BIDDEFORD, Maine — When a history class gets to go outside to learn, that's an accomplishment.
When the lesson is in the ground, now we're talking.
At the University of New England's Biddeford campus, Professors Arthur Anderson and Eric Zuelow led eager students through an archeological dig that originated from some old photos of buildings lost to time.
One building, called "The Wayside," was built in the 1880s and torn down to expand a growing college campus in 1963. There was little known about what happened in this home.
"It turns out that it's kind of an exciting story," Zuelow grinned, while his students dug away behind him. "We have a family turmoil of potential rum running; maybe some illicit activity; a whole host of different things going on here with an interesting cast of characters, and we're peeling it away bit by bit."

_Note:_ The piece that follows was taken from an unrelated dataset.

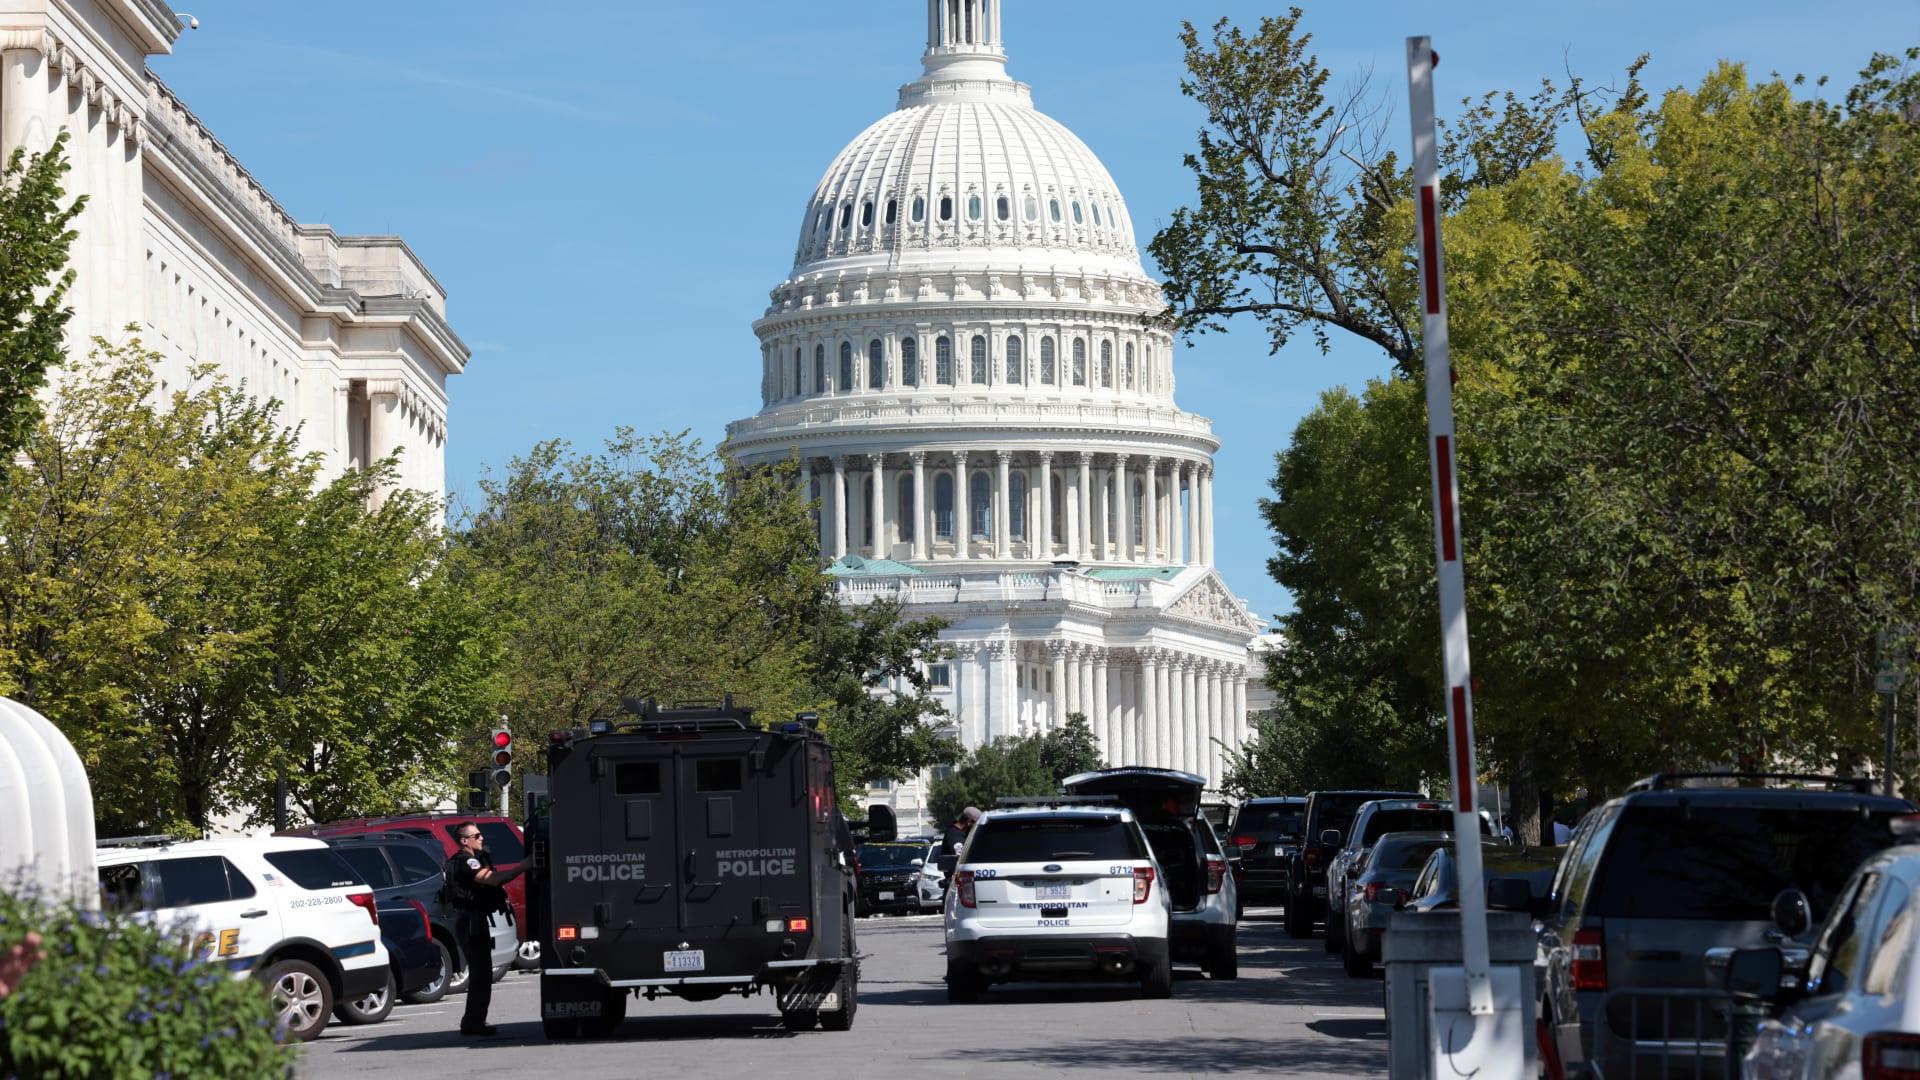 شرطة الكونغرس تستجيب لادعاء بوجود عبوة ناسفة في شاحنة صغيرة بالقرب من مكتبة الكونغرس، في 19 أغسطس

And so, with visions of rum running in their heads, the students measured, dug, and sifted through soil. When I visited, on their last official outdoor work day of the semester, one group uncovered a significant chunk of the building's foundation. I heard yells from another team of students and hurried over to see the cause. A young man held up a fully intact brick - not dissimilar to any other average brick, but worthy of celebration given the circumstances.
Nearby, psychology major Meredith Bailey held up a hand-forged nail, a prime discovery given its obvious age.
"It's a lot of work but it's really fun, rewarding, and I'm happy I decided to take it," Bailey said of the history course.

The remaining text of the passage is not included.